The colon is very useful for indexing in general, because it allows us to take a slice of values instead of a single value. The syntax of the slice follows start:stop:step. If we leave out start, the slice starts at 0. If we leave out stop, it goes to the end of the dimension. If we leave out step, the step defaults to 1.

arr = np.array([[[ 0,  1,  2,  3,  4],
                 [ 5,  6,  7,  8,  9]],
                [[10, 11, 12, 13, 14],
                 [15, 16, 17, 18, 19]]])
arr[0, 0, 1:5:2]
# array([1, 3])
arr[0, 0, 1:4]
# array([1, 2, 3])
arr[0, 0, 1:]
# array([1, 2, 3, 4])
arr[0, 0, :3]
# array([0, 1, 2])
arr[0, 0, :]
# array([0, 1, 2, 3, 4])

Index Array

So far we learned that we can use integers and slices for indexing. Now we learn that we can also use arrays to index into an array. When we use an array to index, that array has to either contain integers or boolean values. Lets take a look at integer array indexing first.

arr = np.arange(10,50,3)
idc = np.arange(5)
idc.dtype
dtype('int32')
arr[idc]
array([10, 13, 16, 19, 22])
idc = np.arange(5,8)
arr[idc]
array([25, 28, 31])
idc = np.array([1,2,4])
arr[idc]
array([13, 16, 22])

Note that in the examples where we generate index arrays with arange, we could achieve the same result with a slice as shown above and save one line of code. Integer arrays are most useful when they are generated by a process that is more complicated than the arange method. One example is the np.argwhere method we will learn more about in a later post.

Boolean Array

Boolean arrays also deserve at least one post of their own but here I will give you a teaser. We only want to retrieve those values, that satisfy a larger than condition.

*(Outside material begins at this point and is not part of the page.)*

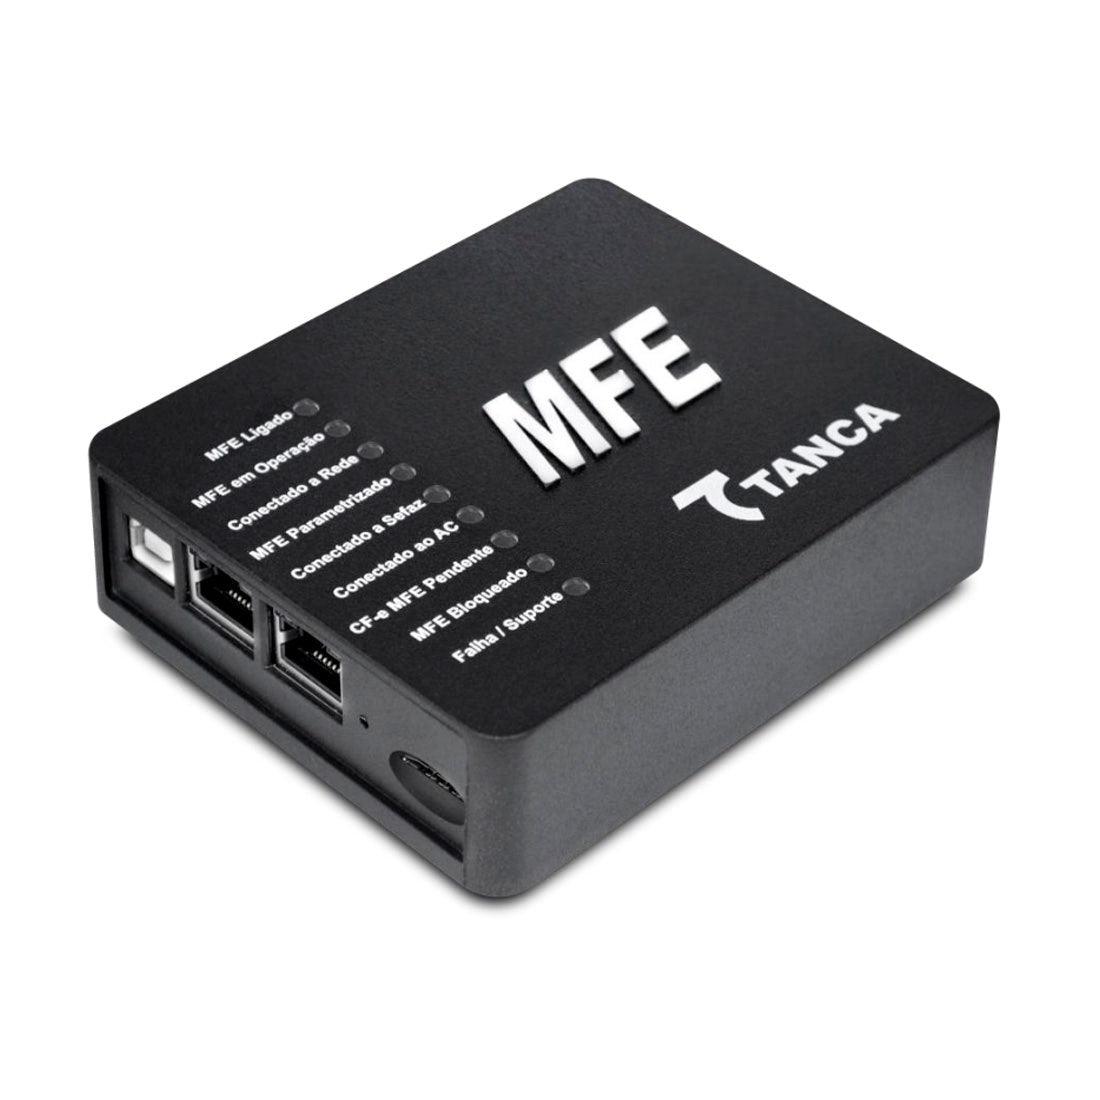 MFE Tanca CFE TM1000 CE 005519 - Mega Market

arr = np.array([[[ 0,  1,  2,  3,  4],
                 [10, 11, 12, 13, 14]],
                 [[5,  6,  7,  8,  9],
                 [15, 16, 17, 18, 19]]])
boolean_idc = arr > 10
boolean_idc
array([[[False, False, False, False, False],
        [False,  True,  True,  True,  True]],

       [[False, False, False, False, False],
        [ True,  True,  True,  True,  True]]])
arr[boolean_idc]
array([11, 12, 13, 14, 15, 16, 17, 18, 19])

Summary

We learned that indexing is useful to retrieve values and reassign parts of an array. There are several ways to index. First, we can use single integers to get to an element of a certain dimension. We can also use slices with the colon syntax start:stop:step to get at a sequence of elements. Furthermore, there are two advances indexing techniques, where we can use arrays containing integers or booleans to find an arbitrary collection of elements.